FDA has serious safety concerns about unapproved animal drugs as they are of unknown quality and not evaluated for safety and effectiveness.

The U.S. Food & Drug Administration announced July 23 that it is alerting horse owners and veterinarians that one lot of a compounded combination drug product containing pyrimethamine and toltrazuril has been associated with adverse events in at least three horses.

FDA said two horses in Maine and one in Ohio ultimately died or were euthanized as a result of the incident.

According to FDA, toltrazuril is not approved by the agency for use in horses. FDA said it has serious safety concerns about unapproved animal drugs, including certain compounded animal drugs, because they are of unknown quality and have not been evaluated by FDA for safety and effectiveness.
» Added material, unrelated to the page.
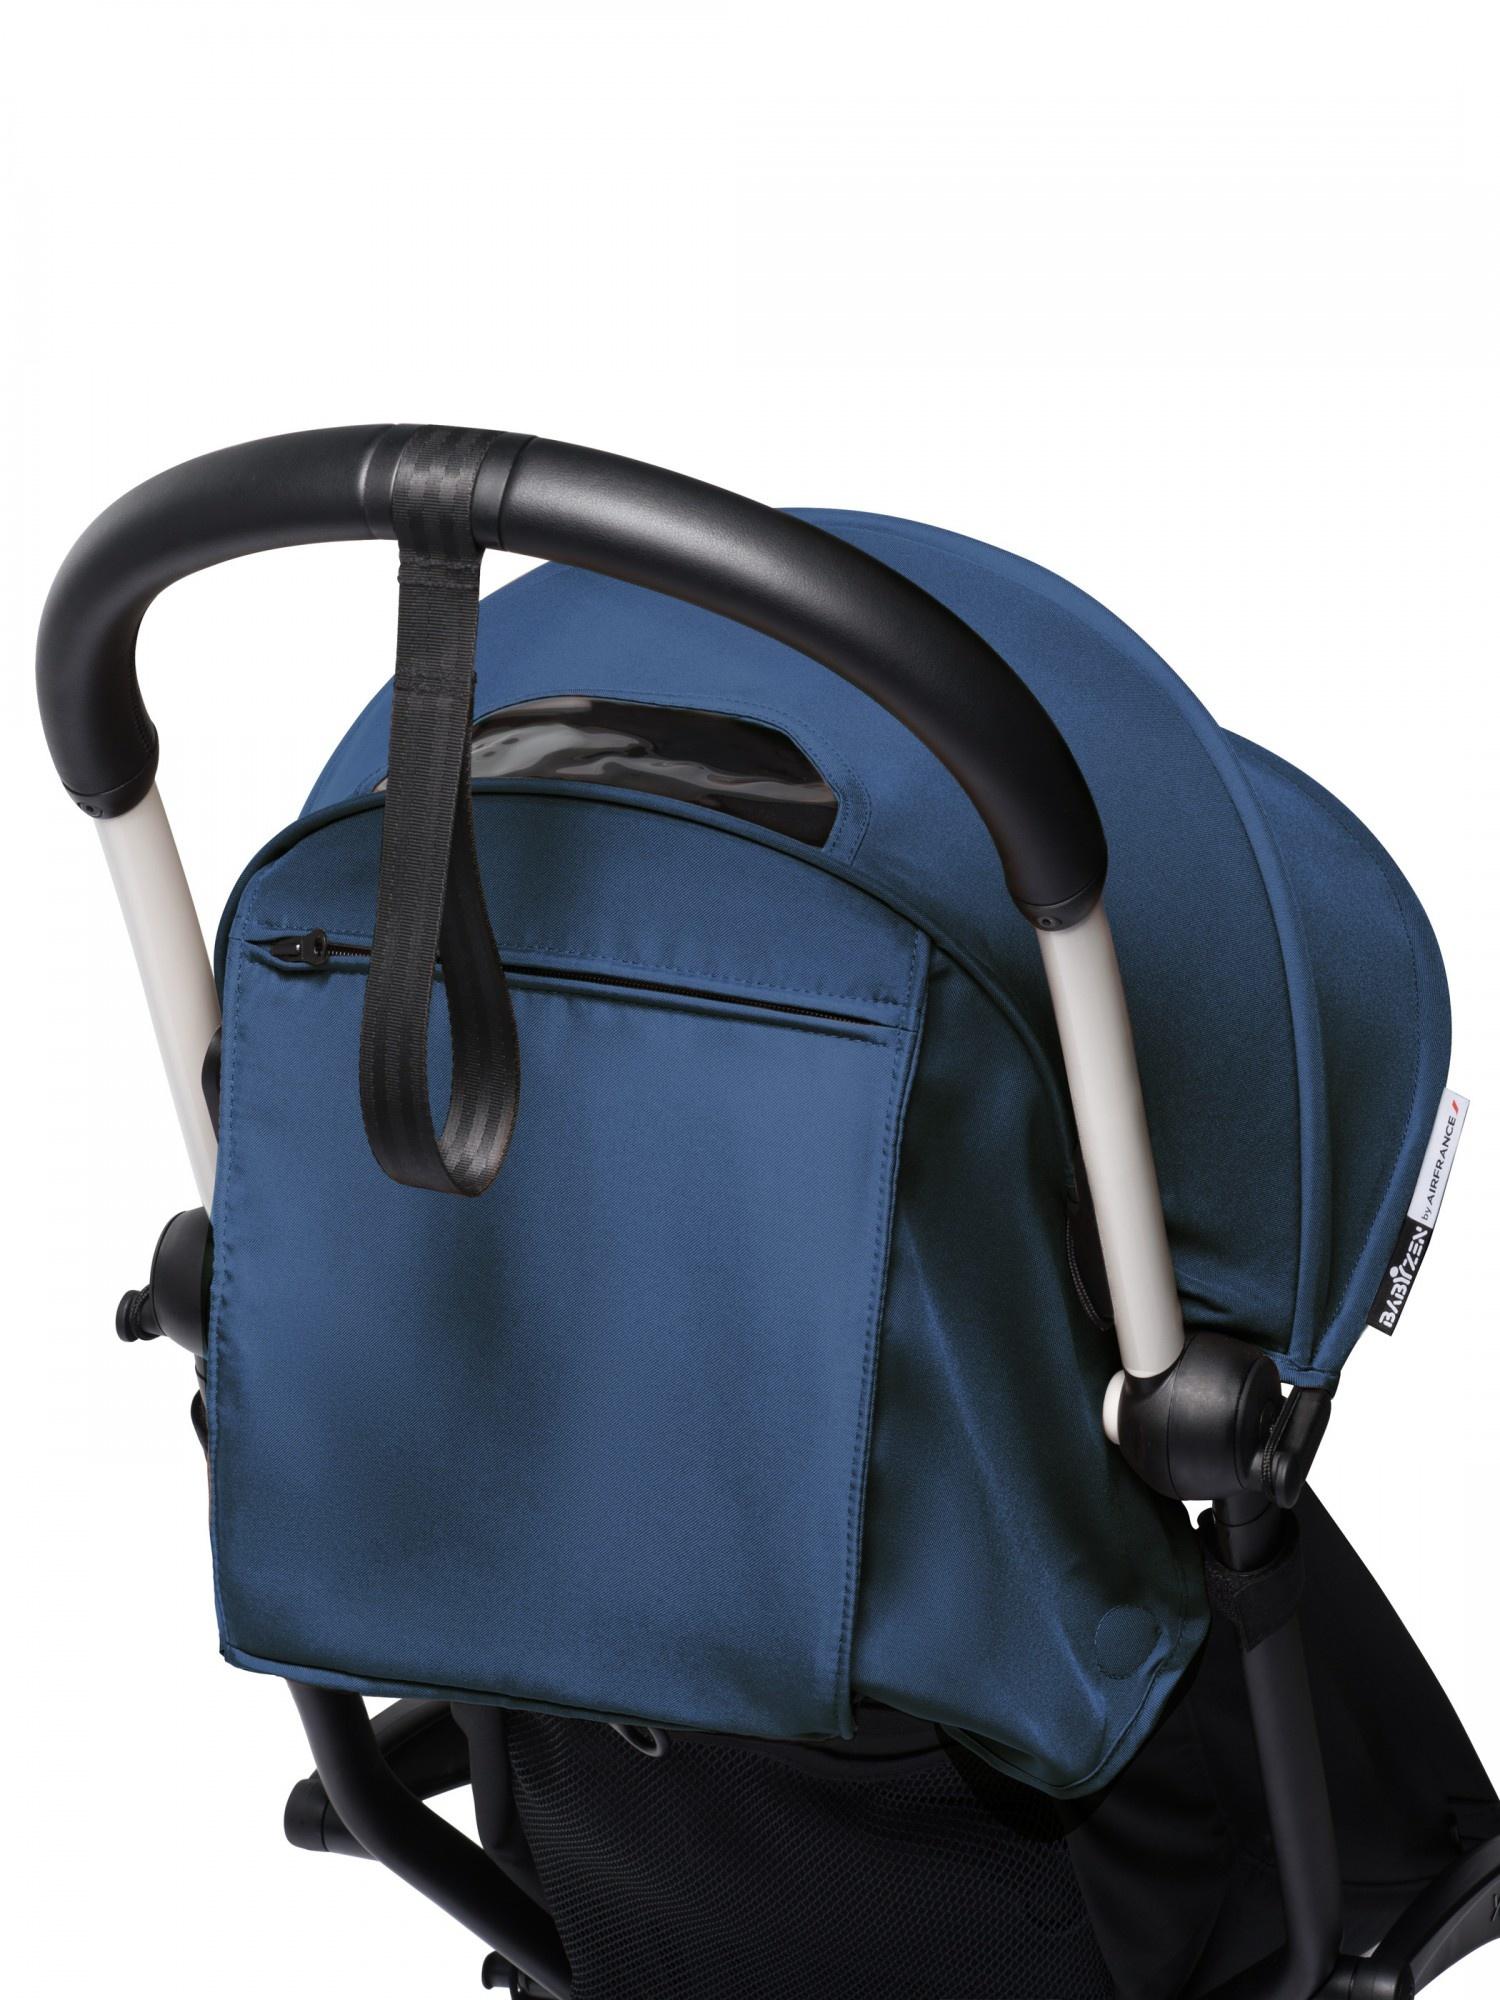 Babyzen Babyzen YOYO² buggy COMPLEET / FULL SET 0+ and 6+ navy AirFrance frame wit incl. YOYO² BeSafe autostoel zwart

Unapproved animal drugs also may not be labeled appropriately, which could potentially result in unsafe use of the product, FDA said.

Furthermore, FDA said it recently finalized testing that revealed that this lot of product contained approximately 18-21 times the pyrimethamine indicated on the labeling. High doses of pyrimethamine can cause symptoms such as seizures, fever and death in horses.

Rapid Equine Solutions LLC of Aston, Pa., compounded the product, which was labeled as containing toltrazuril 416 mg/mL and pyrimethamine 17 mg/mL, packaged in 60 mL oral paste syringes for the treatment of the neurologic disease equine protozoal myeloencephalitis (EPM). This product lot is accounted for and is no longer in distribution, FDA said.

The firm learned of the adverse events on May 24 and initiated a recall to the consumer/user level the same day. FDA is working with Rapid Equine Solutions and state partners to investigate these adverse events.

According to FDA, a previous incident in 2014 linked to a different compounder also involved erroneously formulated compounded pyrimethamine/toltrazuril products that led to the deaths of four horses.

The agency said it is important to note that compounded products are not FDA-approved animal drugs. FDA said it has approved several drug products for the treatment of EPM, and horse owners should consult their veterinarian for treatment advice.

FDA encourages horse owners, caretakers and veterinarians to report adverse events (such as seizure, fever or collapse) to FDA in horses being treated with compounded pyrimethamine-containing products.

Owners and veterinarians can report complaints about animal drug products by following the instructions at How to Report Animal Drug Side Effects and Product Problems.